One element of Wonder Woman I wish they had really dug into was the backdrop of WWI. As this is a film about the ideological evolution of Wonder Woman—or Diana as played by Gal Gadot in an exceptional turn—a moment where industrial warfare, absurdist futility, and a new century converge in the trenches of the First World War is fertile ground. Where this could have been a bold parallel track to run, Wonder Woman turns over a few stones, but never tries to piece it all together. And this is where the politics are at times laser precise, and other moments so very muddled.
There is a really thoughtful moment where Diana tries on a number of outfits made available to a woman in 1917 London. She finds them, in a word, constricting. In a brilliant gesture, Diana eventually sports a sensible hat, jacket, and long skirt, an ensemble plucked straight from the black and white photos of London suffragettes marching for the vote. In another deft move, Diana dresses down a quorum of serious men in an impressive dark wood war room. They are predictably aghast, but the subtext is what matters; there is no reality where Diana believes she can’t make her voice heard. It is never said, but it is there, smart and incisive.

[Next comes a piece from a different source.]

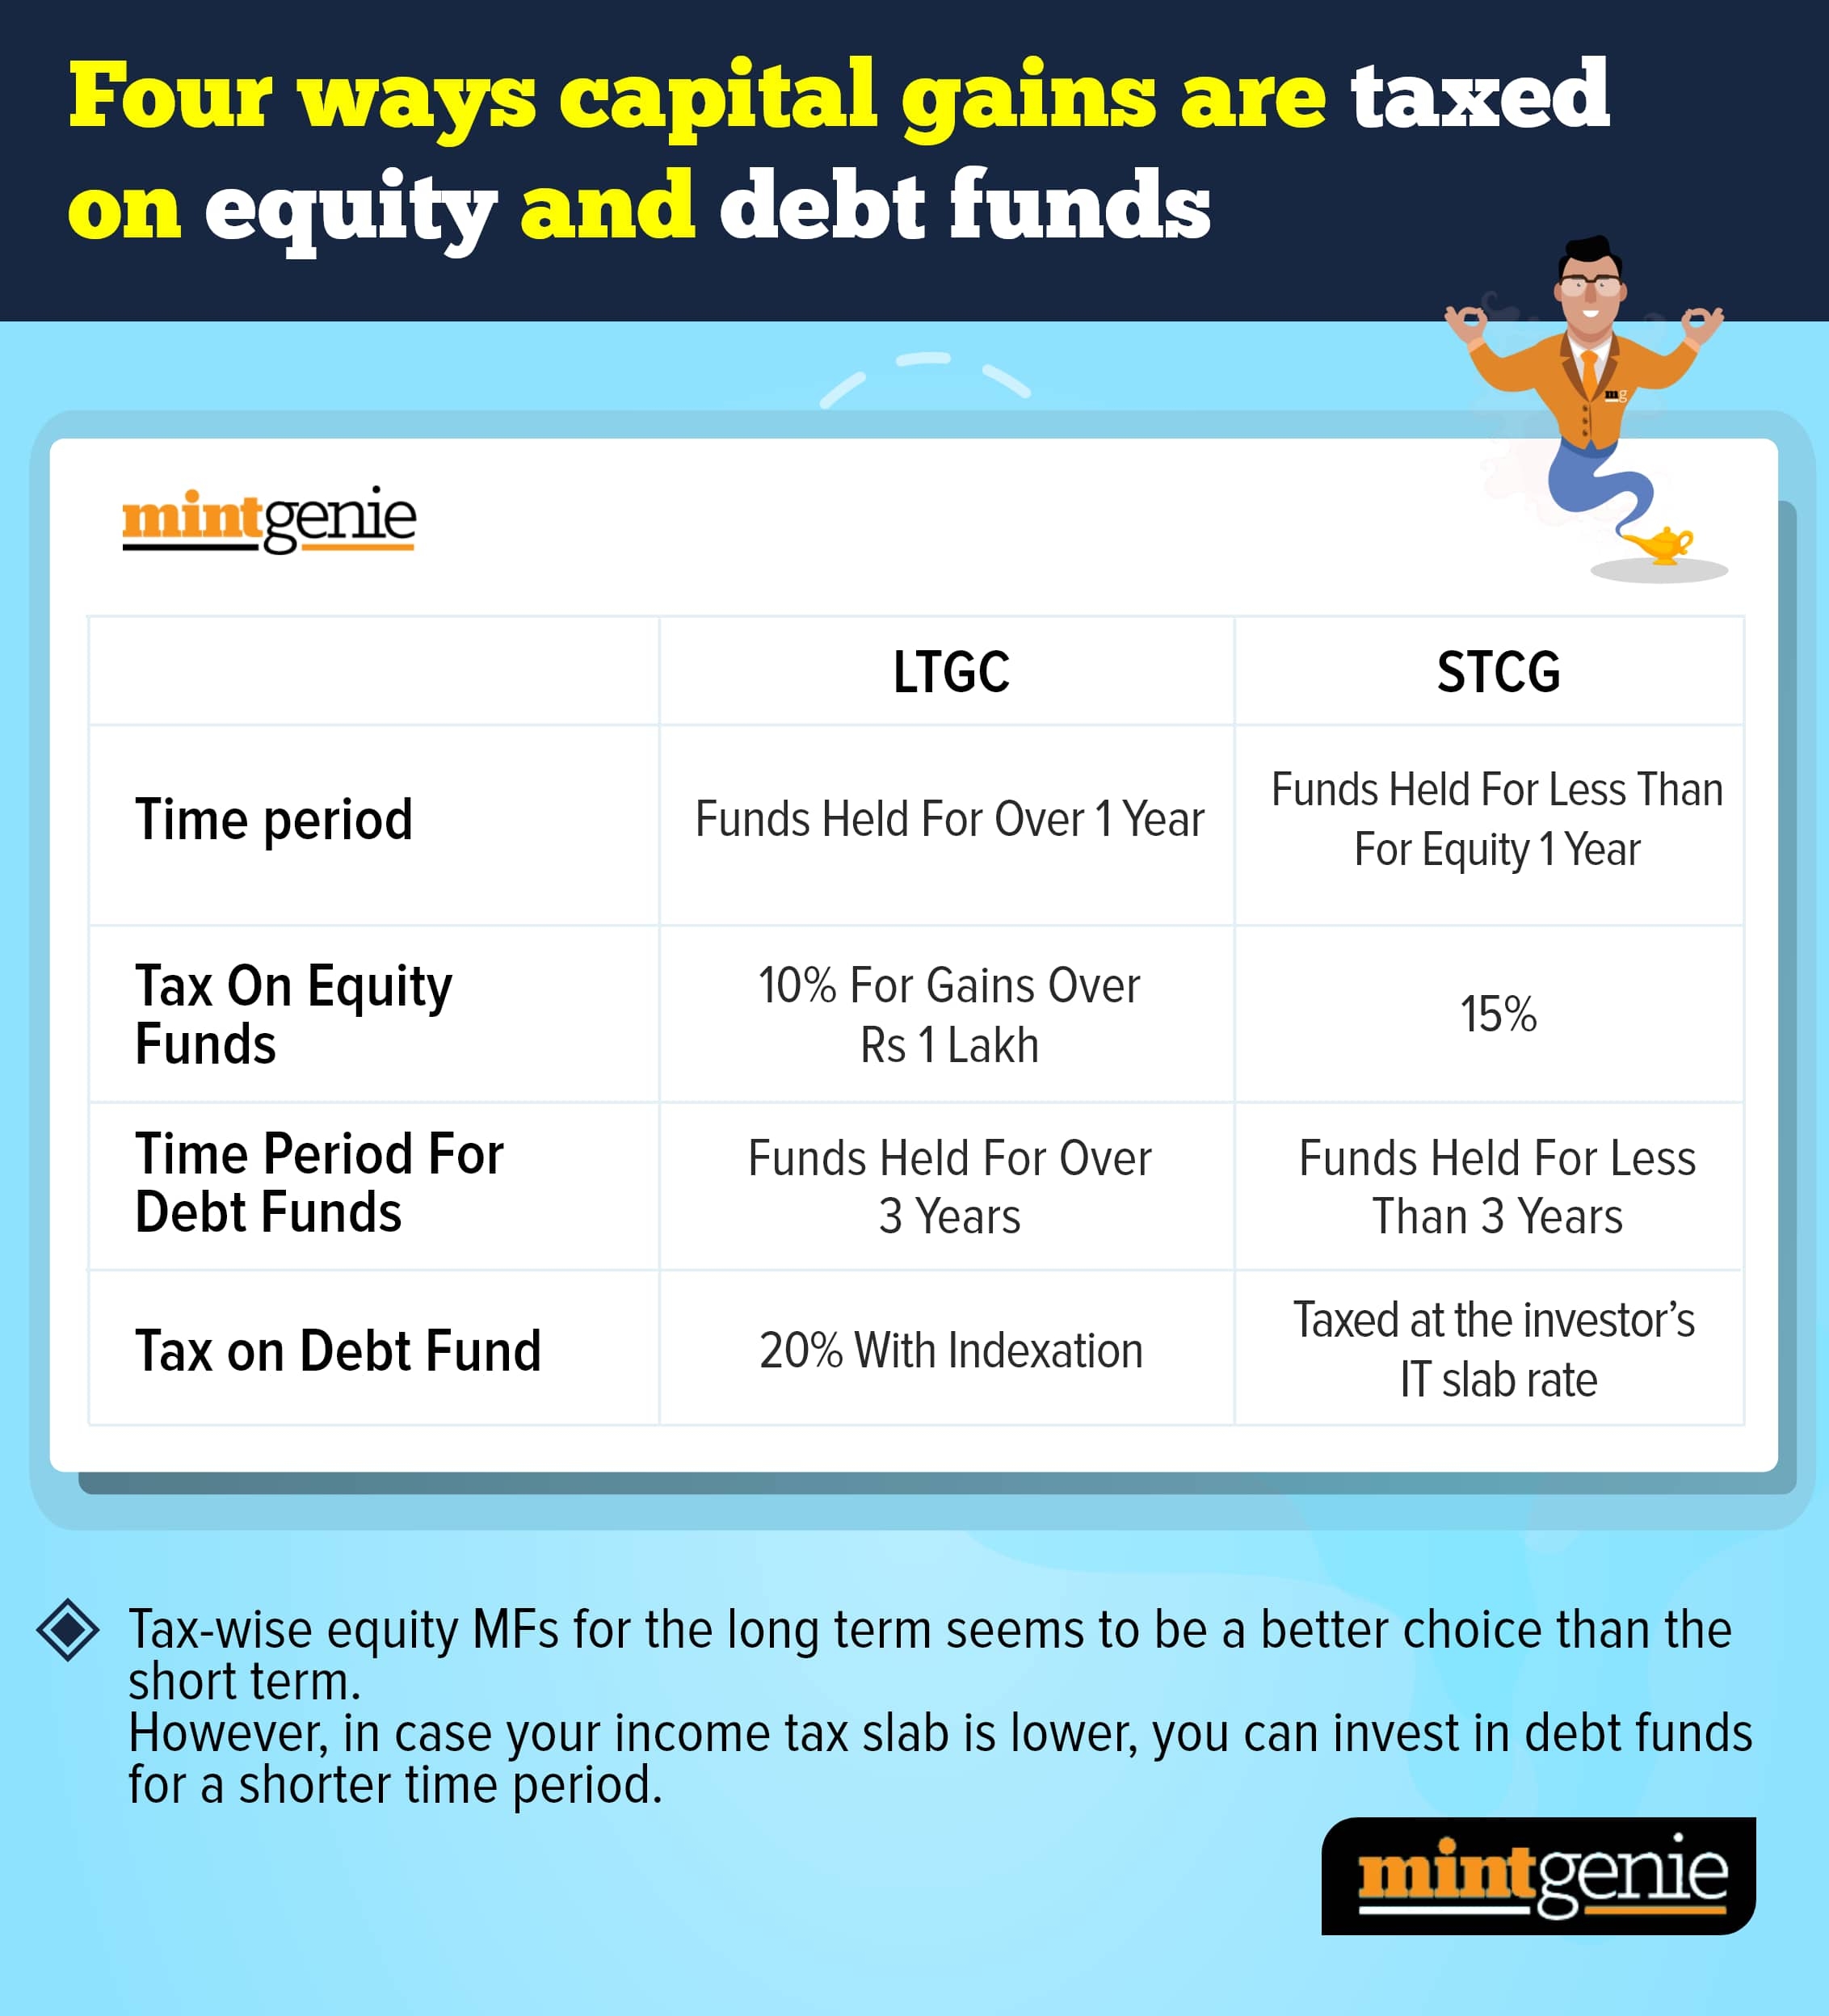 Taxation on equity and debt funds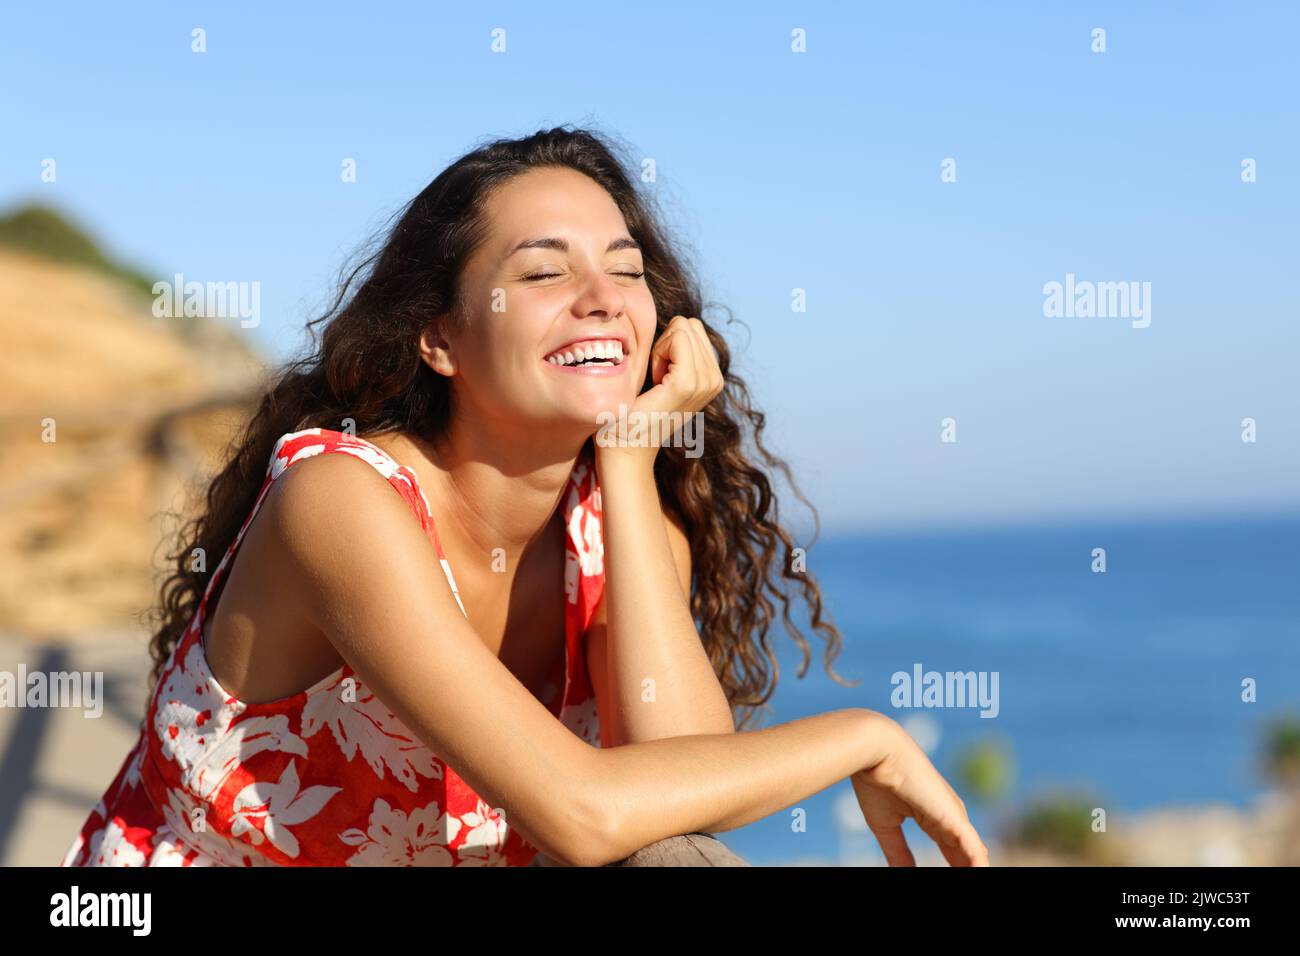 Happy woman in red dress laughing on the beach Stock Photo

In other moments, Wonder Woman can’t help but truncheon you with its ethics. Varying comments on racism and sexism and war are spilled on screen through chunky dialogue. They become something without nuance, and ideals without dimension can be reduced to a consumer good. Especially when folded into what is ostensibly a product expected to return a profit. So is this a feminist film? Does it need to be? Both answers warrant their own breathy write-ups, but either way it’s a tremendous expectation to pin on a multinational conglomerate’s franchise installment. There is no box office smash, or failure, that can validate a movement. Wonder Woman does offer a distinct victory for the representation of women in major motion pictures, but is important to remember, this, if anything, is the trailhead, not the destination.
Norms
That brings me to the biggest disappointment offered in the film, a distinct inability to think beyond the obvious. Look, if you get me in a room with Chris Pine—the dashing Steve Trevor—I’m gonna try and gin up some sexual tension, but that’s a given. Wonder Woman falls into this and so many other dull traps. Whether it is the endless commentary on Diana’s looks, or the need for coupling, or big romantic speeches (which our picture almost writes its way out of in a near transcendent moment), these norms become inescapable. There’s a goofy dick joke! And where the easy comment might be is that this is simply how things are, that sort of thinking is how they stay that way.
Hope
Ugh. See that dopey sub-header? I know, but you’ve come this far, so screw it. Let’s open the old heartlight a bit. We deserve it! And therein lies the crux of the film, what we think we deserve versus what we believe. I believe the world is dying. I believe we have turned the page to yet another dark chapter in collective human history. Diana, 100 years ago, looking across the trenches of World War I sees the same. And when she is confronted with this internal crisis—carnage soaked evidence of a world so far gone—Wonder Woman rejects the crushing blow of despair. Instead, she does what heroes do, super and otherwise, she finds something worth fighting for.